Ik ben geen voorstander van het feit dat onder de huidige wetgeving broertjes en zusjes onder de 18
jaar als gastouder voor elkaar kunnen optreden. In het wetsvoorstel rondom de gastouderopvang dat ik
in februari 2009 uw Kamer zal aanbieden, neem ik een voorstel tot wetswijziging op waarmee dit zal
worden uitgesloten.
3
Op welke schaal komt het voor dat gezinsleden zich als gastouder inschrijven? Kunnen (stief)ouders
zichzelf ook als gastouder inschrijven van hun eigen kind?
Antwoord 3:
Omdat er, afgezien van de ouder en diens partner, geen wettelijke eisen worden gesteld aan de relatie
waarin de gastouder staat tot het kind, zijn er geen structurele gegevens beschikbaar van gezinsleden
die zich inschrijven als gastouder (ten behoeve van een eigen broertje of zusje).

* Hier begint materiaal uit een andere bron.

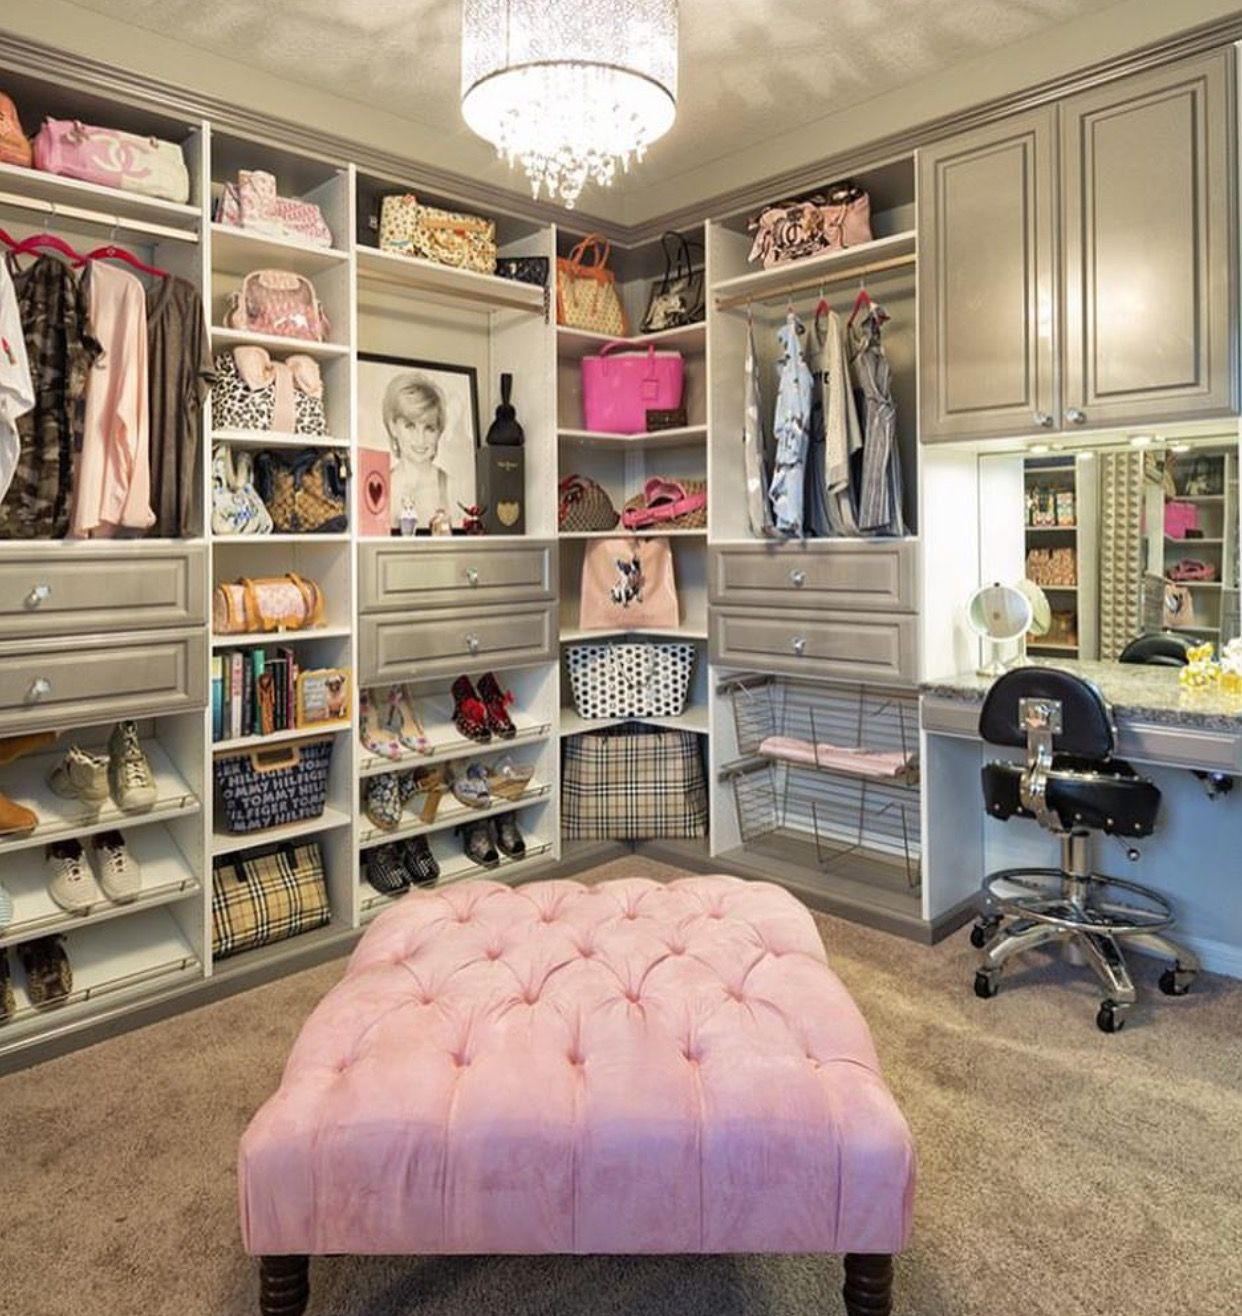 pin by julia debelly on home decor pinterest closet bedroom rh pinterest com

Stiefouders hebben een formele relatie met de natuurlijke ouder in de vorm van een huwelijk of
geregistreerd partnerschap. Zo lang zij een partner zijn van de ouder van het kind vallen zij onder het
ouderbegrip van de Wet kinderopvang en kunnen dus niet als gastouder worden beschouwd.
4
Kunt u aangeven hoeveel het oneigenlijk gebruik van de kinderopvang de staat jaarlijks kost?
Antwoord 4:
De ons bekende gevallen van misbruik en oneigenlijk gebruik van de Wet kinderopvang zijn alle
aangetroffen als gevolg van gericht toezichtbeleid en toezichtsacties op basis van steekproeven door de
Belastingdienst. Hierdoor kan er geen gekwantificeerde uitspraak worden gedaan over de totale
omvang van voorkomende fraude. De aangetroffen casussen zijn voor mij aanleiding genoeg om waar
mogelijk al maatregelen te nemen. Deze zullen u worden voorgelegd bij het wetwijzigingsvoorstel
rondom de gastouderopvang.
Tevens zijn bij nota van wijziging bij het Belastingplan 2009 twee voorstellen ingediend die het risico
op misbruik en oneigenlijk gebruik verkleinen. De ene maatregel betreft een verbetering van de
gegevensuitwisseling tussen de twee toezichthouders van de wet (GGD en Belastingdienst). De andere
betreft een maatregel waardoor in bepaalde gevallen de directe betaling van kinderopvangtoeslag aan
een derde, zoals een gastouderbureau, weer rechtstreeks naar de aanvragers kan worden
overgemaakt, bijvoorbeeld in geval van faillisementen of vermoedens van fraude.
5
Is het met terugwerkende kracht aanvragen van toeslag mogelijk?
Antwoord 5:
Aanvragers van kinderopvangtoeslag moeten aan een aantal voorwaarden voldoen. Zo moet de
opvangorganisatie geregistreerd staan bij de gemeente, de aanvrager en partner moeten werken of
studeren of aan een traject gericht op arbeidsinschakeling deelnemen, er moeten (eind)facturen van
gemaakte kinderopvangkosten zijn etc.
Als aan alle voorwaarden is voldaan en er is aanspraak op kinderopvangtoeslag is het op basis van de
Awir mogelijk dat ouders ten behoeve van een bepaald berekeningsjaar, bijvoorbeeld 2008, tot uiterlijk
1 april van het daaropvolgende jaar (2009) een aanvraag over 2008 kunnen indienen. Als ouders
aangifte inkomensbelasting moeten doen en hiervoor uitstel hebben gekregen, dan kan een aanvraag
ook na 1 april van een betreffend jaar worden ingediend.
6
Waarom komt u pas in 2010 met een herziene regeling? Betekent dit dat tot 2010 broers en zussen
gastouder kunnen zijn en ouders kinderopvangtoeslag kunnen ontvangen voor de uren dat men op
vakantie is of andere bezigheden heeft dan werken? Zo ja, acht u dit acceptabel?
Antwoord 6:
Ik acht het onacceptabel dat het gebruik van de Wet kinderopvang zodanige vormen gaat aannemen
dat de houdbaarheid van het stelsel in gevaar komt. Waar mogelijk handel ik zo spoedig mogelijk.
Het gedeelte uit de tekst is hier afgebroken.